The group homes and treatment centers were for youths with substance abuse, mental or behavioral problems. Altogether, the state spent about $265,000 on Hawkins, officials said.

On Thursday, while some of those who knew Hawkins called the massacre Wednesday at a busy Omaha mall unexpected, not everyone was surprised.

"He should have gotten help. ... Someone should have listened to him," said Karissa Fox, who said she knew Hawkins through a friend.

Todd Landry, state director of children and family services, said court records do not show precisely why Hawkins was released. But he said if Hawkins should not have been set free, someone would have raised a red flag.

"It is my opinion, it was not a failure of the system to provide appropriate services," Landry said. "If that was an issue, any of the participants in the case would have brought that forward."

After reviewing surveillance tape, a suicide note and Hawkins' last conversations with those close to him, police said they don't know - and may never know - exactly why Hawkins went to the Von Maur store at Westroads Mall and shot more than a dozen people.

But he clearly planned, walking through the store, exiting, then returning a few minutes later with a gun concealed in a balled-up sweatshirt he was carrying, authorities said.

Debora Maruca-Kovac, who with her husband took Hawkins into their home because he had no other place to live, told the Omaha World-Herald that the night before the shooting, Hawkins and her sons showed her a semiautomatic rifle. She said she thought the gun looked too old to work.

Police believe Hawkins was using that AK-47 when he stormed off a third-floor elevator at the store and started shooting.

Police said they have found no connections between the 19-year-old and the six employees and two shoppers he killed.

"The shooting victims were randomly selected," as was the location of the shooting, Omaha police Chief Thomas Warren said.

Acquaintances said that Hawkins was a drug user and that he had a history of depression. In 2005 and 2006, according to court records, he underwent psychiatric evaluations, the reasons for which Landry would not disclose, citing privacy rules.

In May 2002, he was sent to a treatment center in Waynesville, Mo., after threatening his stepmother. Four months later, a Nebraska court decided Hawkins' problems were serious enough that he should be under state supervision and made him a ward of the state. He went through a series of institutions in Nebraska and was released from state custody on Aug. 21, 2006.

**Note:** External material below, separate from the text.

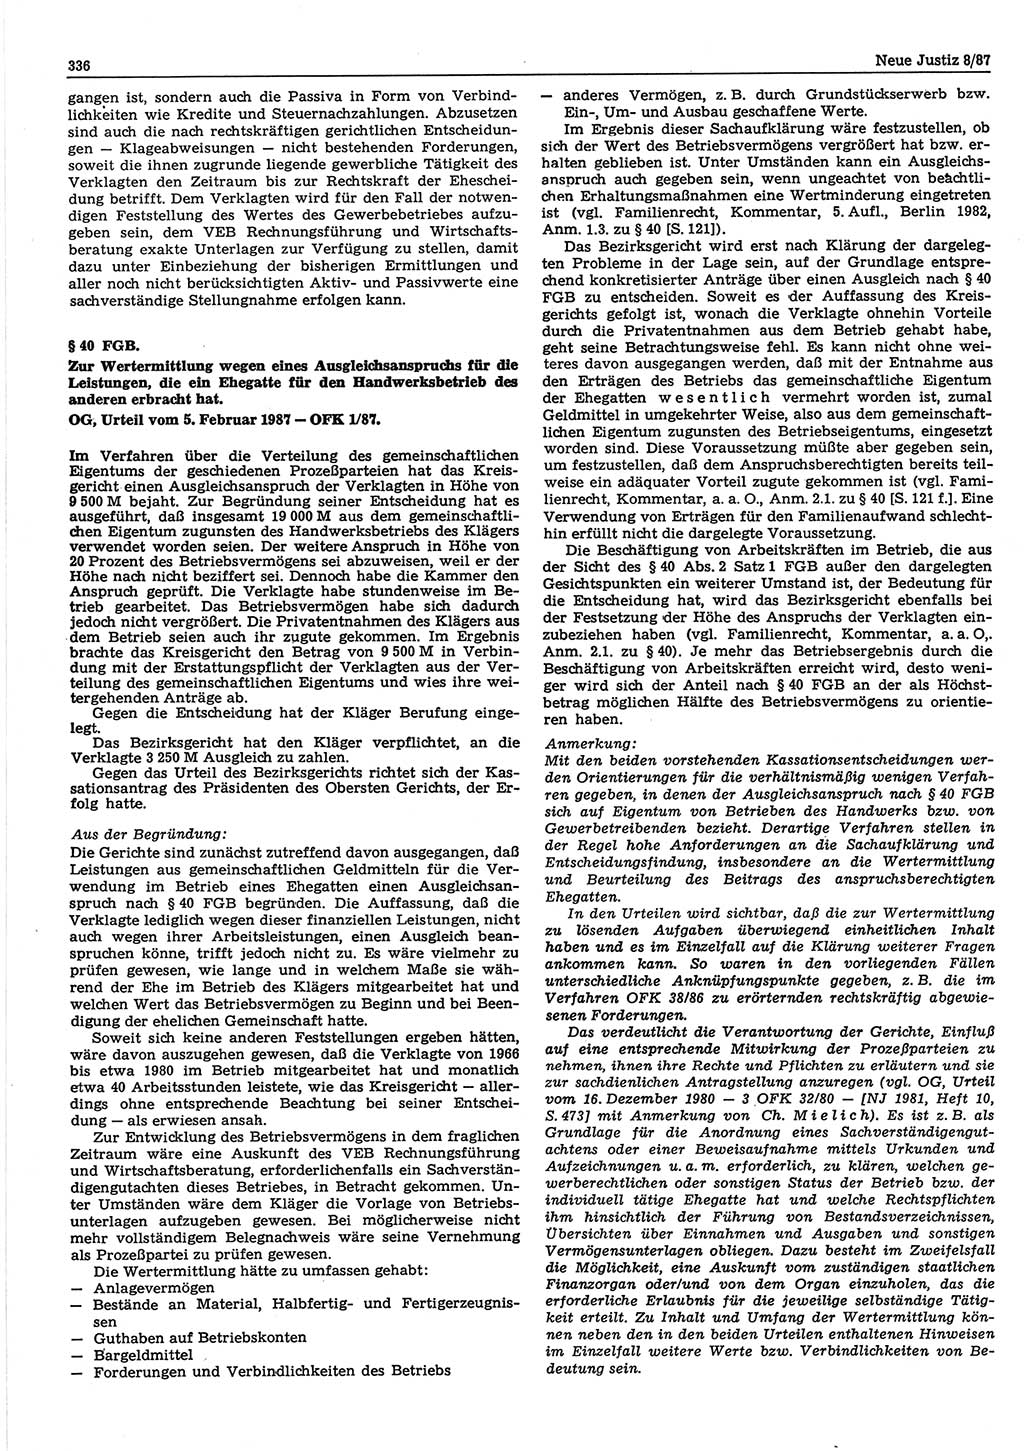 Neue Justiz (NJ), Zeitschrift für sozialistisches Recht und Gesetzlichkeit [Deutsche Demokratische Republik (DDR)], 41. Jahrgang 1987, Seite 336 (NJ DDR 1987, S. 336)

Under state law, Landry said, wards are released when all sides - parents, courts, social workers - agree it is time for them to go. Once Hawkins was set free, he was no longer under state supervision, and was not released into anyone's custody.

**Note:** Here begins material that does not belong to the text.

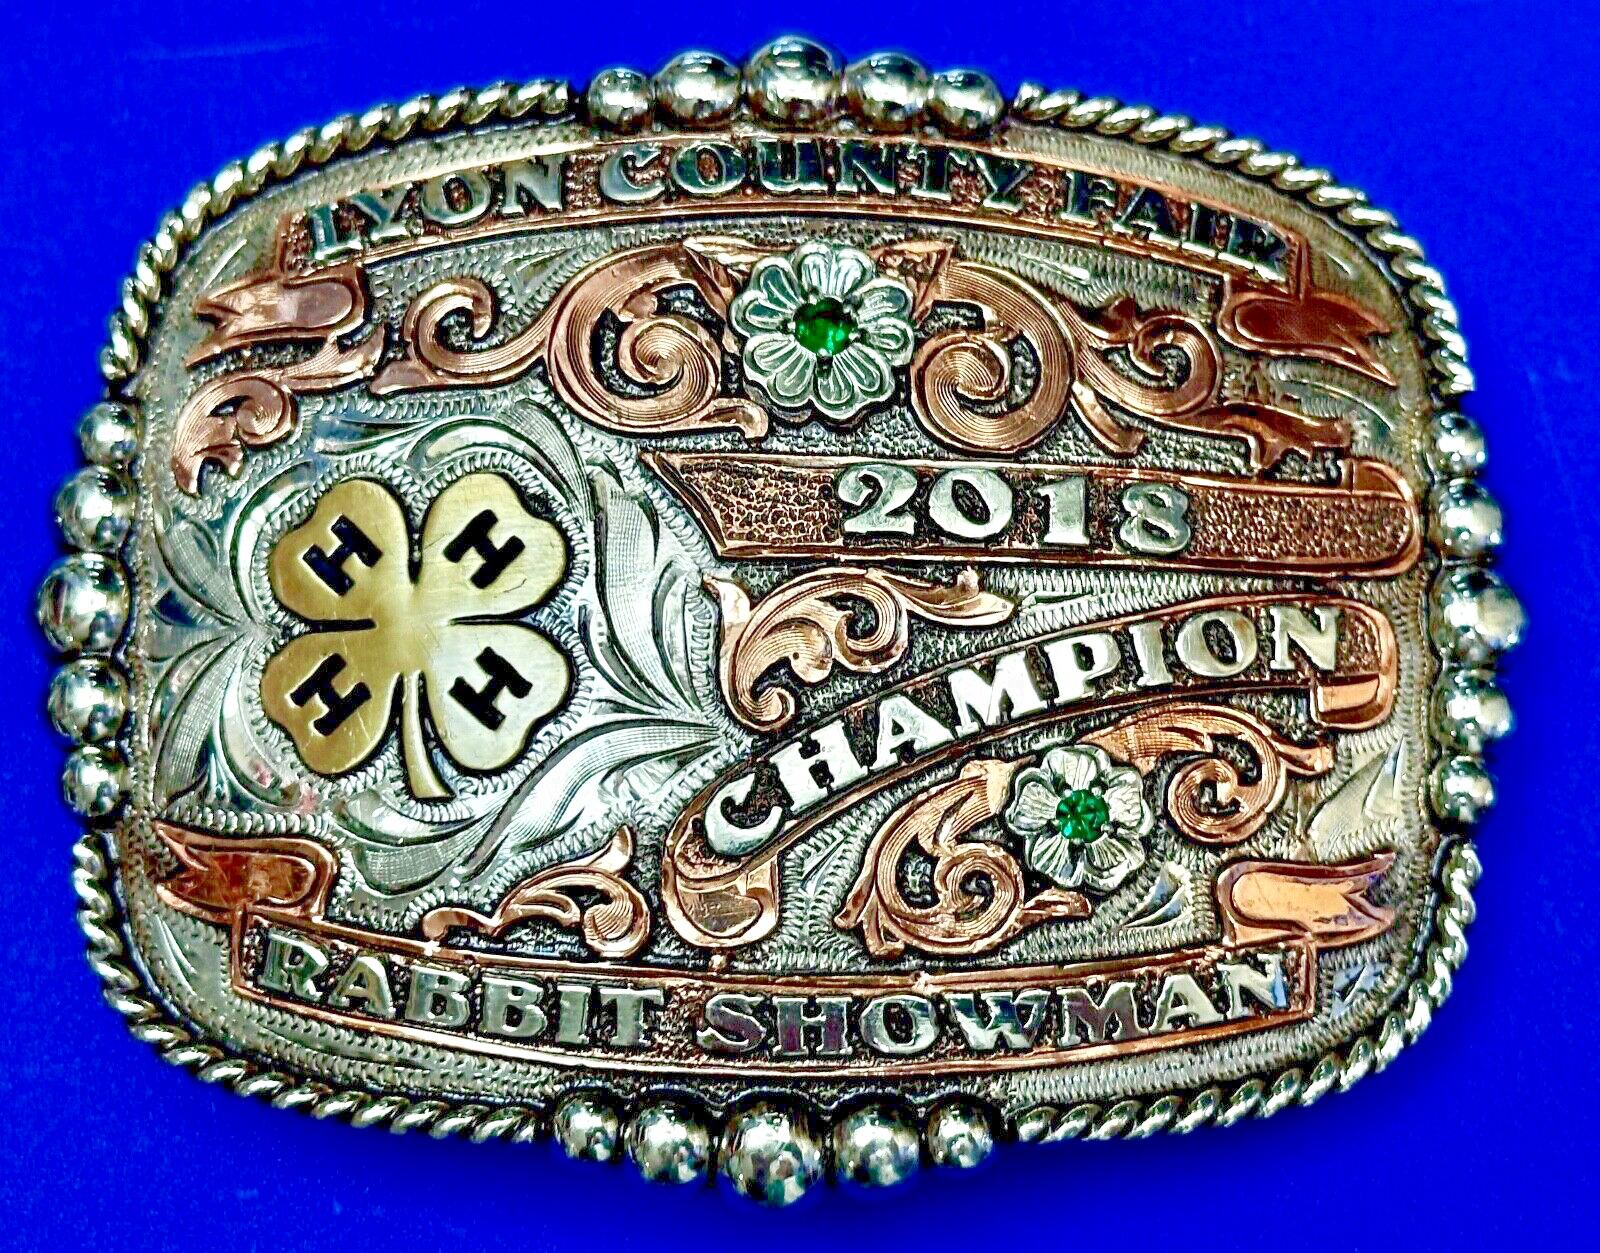 Lyon County 4H Fair 2018 Champion Rabbit Showman Trophy Belt Buckle

"When our role is ended, we try to step out," said Chris Peterson, director of the state Department of Health and Human Services.

About an hour before the shootings, Hawkins called Maruca-Kovac and told her he had written a suicide note, Maruca-Kovac said. In the note, Hawkins wrote that he was "sorry for everything" and would not be a burden on his family anymore. More ominously, he wrote: "Now I'll be famous."